Теофиль Готье - Мадемуазель де Мопен
Как хорошо мы вписывались в этот пейзаж! Как гармонично сочетались с этой тихой и безмятежной природой, как легко находили с ней общий язык! Кругом царит весна, в груди торжествует юность, трава залита солнцем, губы озарены улыбкой, все кусты усыпаны снегом цветов, в душе у нас цветут белоснежные иллюзии, стыдливый румянец сияет на наших лицах и на цветах шиповника, в сердце звенит поэзия, в деревьях прячутся щебечущие птицы, свет, воркование, ароматы, тысячи смутных шумов, и сердце бьется, и вода журчит по гальке, стебельки травы и наши помыслы тянутся ввысь, капля росы скользит по чашечке цветка, слезинка срывается с ресниц и бежит по щеке, влюбленный вздох, шелест листвы… Какие вечера нам выдавались, когда мы гуляли неспешным шагом у самой реки, так близко, что подчас одна нога ступала по воде, а другая по суше.

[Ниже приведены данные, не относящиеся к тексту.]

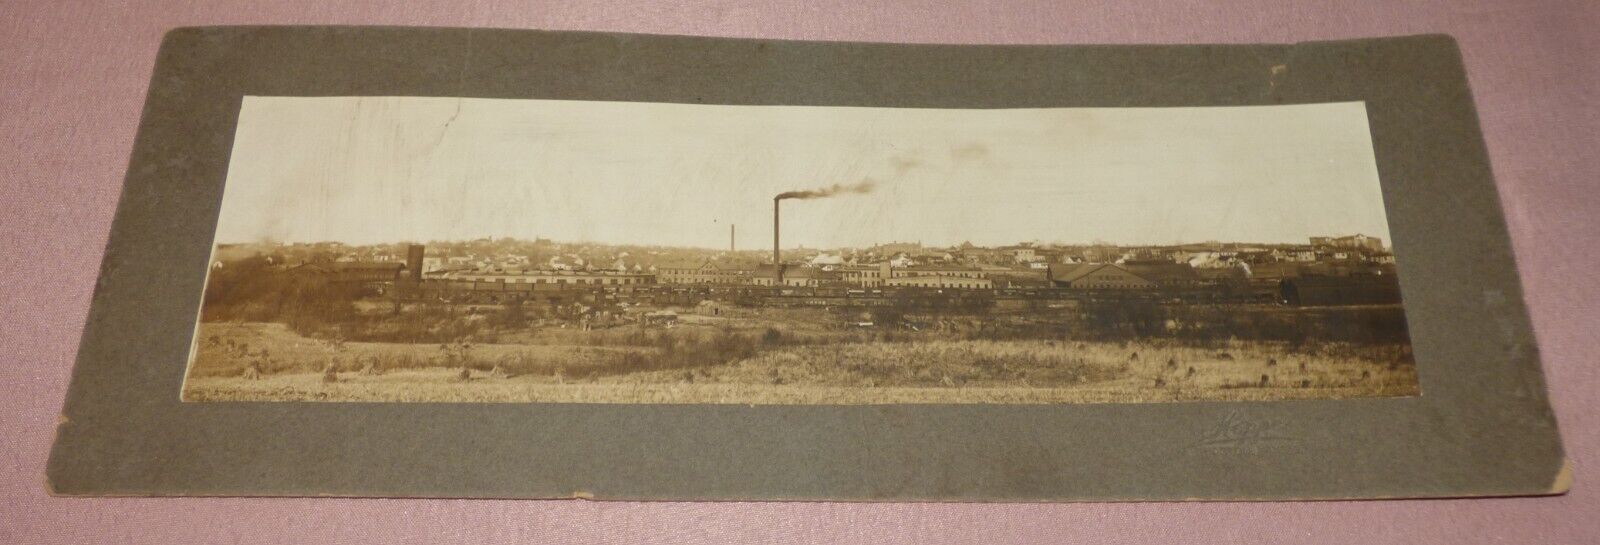 Real Vintage Panoramic Photo of Horton Kansas Rock Island Railroad Yards, Shops

Увы, это продолжалось недолго, во всяком случае для меня, потому что ты, хоть и приобрел опыт мужчины, сумел сохранить детское чистосердечие. Семя испорченности, зароненное в меня, быстро проросло, и все, что было во мне чистого и здорового, безжалостно извела гангрена. Изо всех невинных радостей мне осталась лишь твоя дружба.
Я привык ничего от тебя не скрывать — ни поступков, ни помыслов. Я обнажал перед тобой самые сокровенные уголки моего сердца; я обязался описывать тебе самые странные, несуразные и смешные побуждения своей души, но, по правде сказать, с недавних пор меня захватили столь ни с чем не сообразные переживания, что я не смею признаться в них и самому себе. Я уже писал тебе прежде, что в поисках прекрасного, упорных и беспокойных, боюсь рано или поздно столкнуться с невозможным или скатиться до противоестественного. Мои опасения почти сбылись. Когда же я избавлюсь от всех этих разнородных течений, которые тянут меня в разные стороны и заносят то вправо, то влево? Когда же палуба моего корабля перестанет ходить ходуном у меня под ногами, доколе через нее будут перекатываться валы, поднятые всеми этими бурями? Где обрету я пристань, у которой мог бы бросить якорь, и незыблемую скалу, недосягаемую для волн, где мог бы обсушиться и отжать морскую пену из волос?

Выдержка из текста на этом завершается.